• Tag Archives NSA
  • U.S. Senate and Biden Administration Shamefully Renew and Expand FISA Section 702, Ushering in a Two Year Expansion of Unconstitutional Mass Surveillance

    One week after it was passed by the U.S. House of Representatives, the Senate has passed what Senator Ron Wyden has called, “one of the most dramatic and terrifying expansions of government surveillance authority in history.” President Biden then rushed to sign it into law.  

    The perhaps ironically named “Reforming Intelligence and Security America Act (RISAA)” does everything BUT reform Section 702 of the Foreign Intelligence Surveillance Act (FISA). RISAA not only reauthorizes this mass surveillance program, it greatly expands the government’s authority by allowing it to compel a much larger group of people and providers into assisting with this surveillance. The bill’s only significant “compromise” is a limited, two-year extension of this mass surveillance. But overall, RISAA is a travesty for Americans who deserve basic constitutional rights and privacy whether they are communicating with people and services inside or outside of the US.

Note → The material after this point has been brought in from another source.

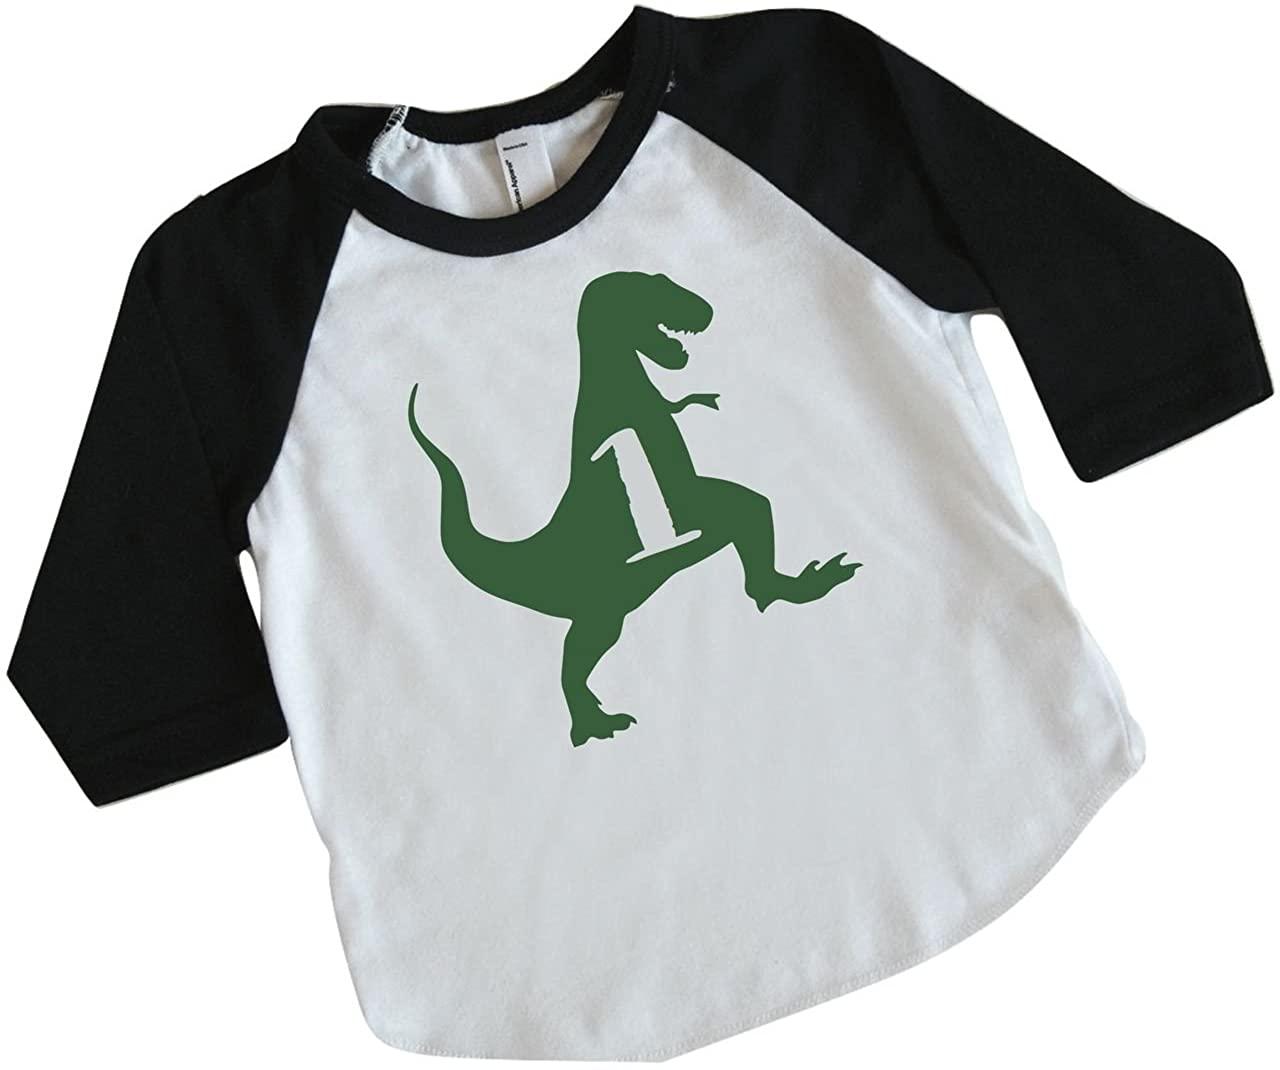 Bump and Beyond Designs Dinosaur Birthday Shirt Boy 1st Birthday Outfit Dino Birthday

    Section 702 allows the government to conduct surveillance of foreigners abroad from inside the United States. It operates, in part, through the cooperation of large telecommunications service providers: massive amounts of traffic on the Internet backbone are accessed and those communications on the government’s secret list are copied. And that’s just one part of the massive, expensive program. 

    While Section 702 prohibits the NSA and FBI from intentionally targeting Americans with this mass surveillance, these agencies routinely acquire a huge amount of innocent Americans’ communications “incidentally.” The government can then conduct backdoor, warrantless searches of these “incidentally collected” communications.

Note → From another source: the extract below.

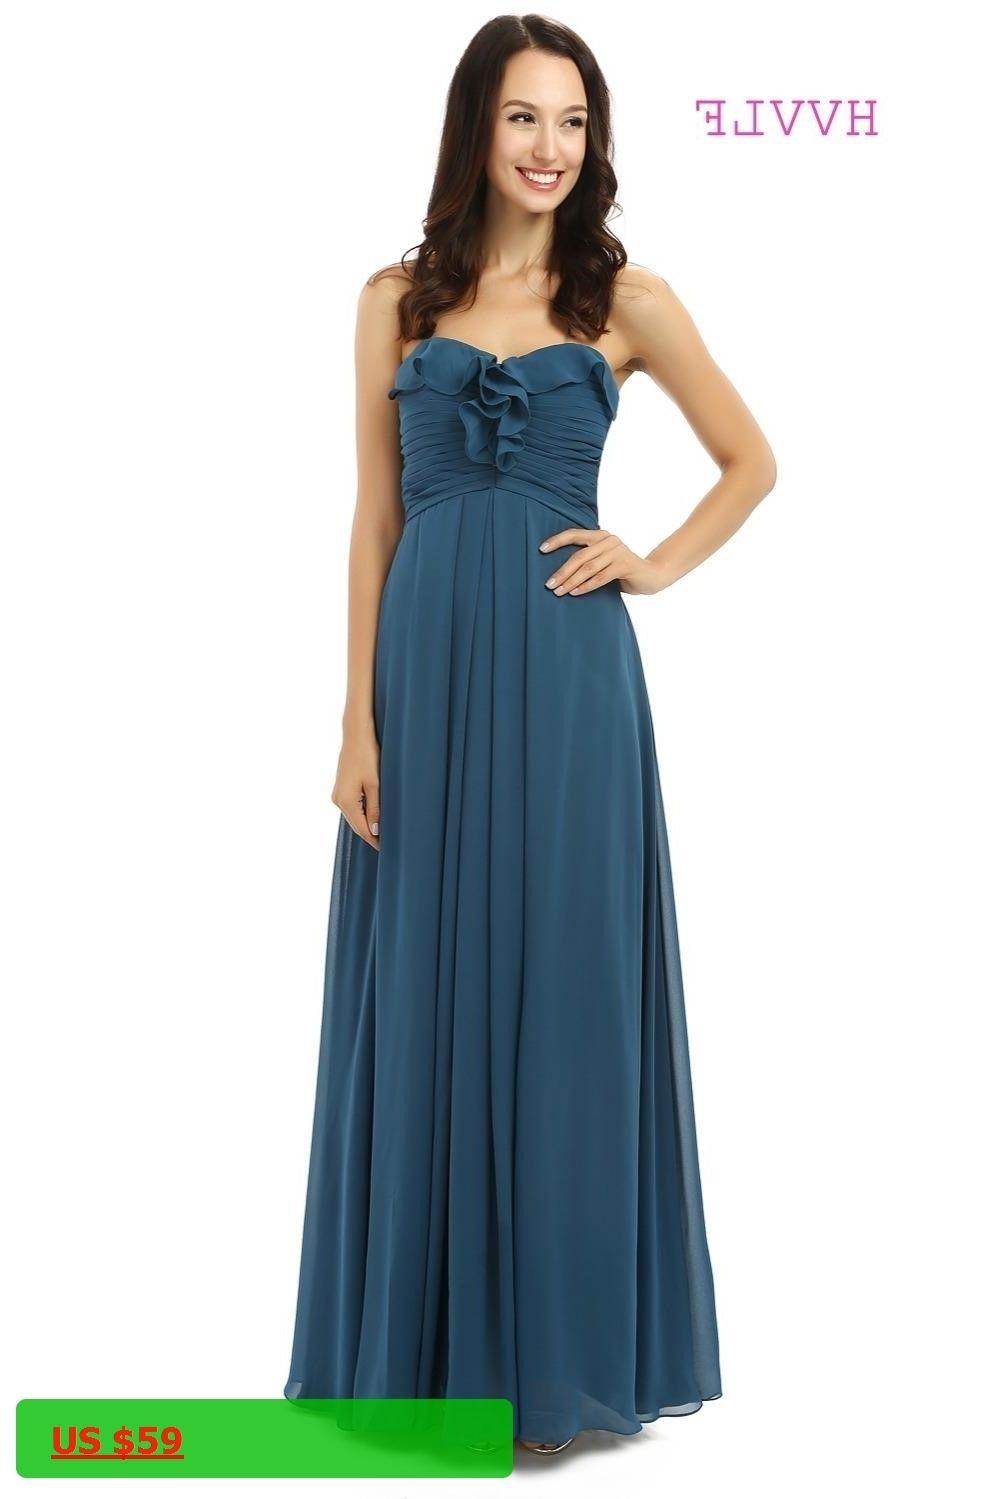 Dark blue 2018 cheap bridesmaid dresses under 50 a line sweetheart dark blue 2018 cheap bridesmaid dresses under 50 a line sweetheart floor length chiffon lace ombrellifo Choice Image

    The government cannot even follow the very lenient rules about what it does with the massive amount of information it gathers under Section 702, repeatedly abusing this authority by searching its databases for Americans’ communications. In 2021 alone, the FBI reported conducting up to 3.4 million warrantless searches of Section 702 data using Americans’ identifiers. Given this history of abuse, it is difficult to understand how Congress could decide to expand the government’s power under Section 702 rather than rein it in.

    One of RISAA’s most egregious expansions is its large but ill-defined increase of the range of entities that have to turn over information to the NSA and FBI. This provision allegedly “responds” to a 2023 decision by the FISC Court of Review, which rejected the government’s argument that an unknown company was subject to Section 702 for some circumstances. While the New York Times reports that the unknown company from this FISC opinion was a data center, this new provision is written so expansively that it potentially reaches any person or company with “access” to “equipment” on which electronic communications travel or are stored, regardless of whether they are a direct provider. This could potentially include landlords, maintenance people, and many others who routinely have access to your communications on the interconnected internet.

    This is to say nothing of RISAA’s other substantial expansions. RISAA changes FISA’s definition of “foreign intelligence” to include “counternarcotics”: this will allow the government to use FISA to collect information relating to not only the “international production, distribution, or financing of illicit synthetic drugs, opioids, cocaine, or other drugs driving overdose deaths,” but also to any of their precursors. While surveillance under FISA has (contrary to what most Americans believe) never been limited exclusively to terrorism and counterespionage, RISAA’s expansion of FISA to ordinary crime is unacceptable.

    RISAA also allows the government to use Section 702 to vet immigrants and those seeking asylum. According to a FISC opinion released in 2023, the FISC repeatedly denied government attempts to obtain some version of this authority, before finally approving it for the first time in 2023. By formally lowering Section 702’s protections for immigrants and asylum seekers, RISAA exacerbates the risk that government officials could discriminate against members of these populations on the basis of their sexuality, gender identity, religion, or political beliefs.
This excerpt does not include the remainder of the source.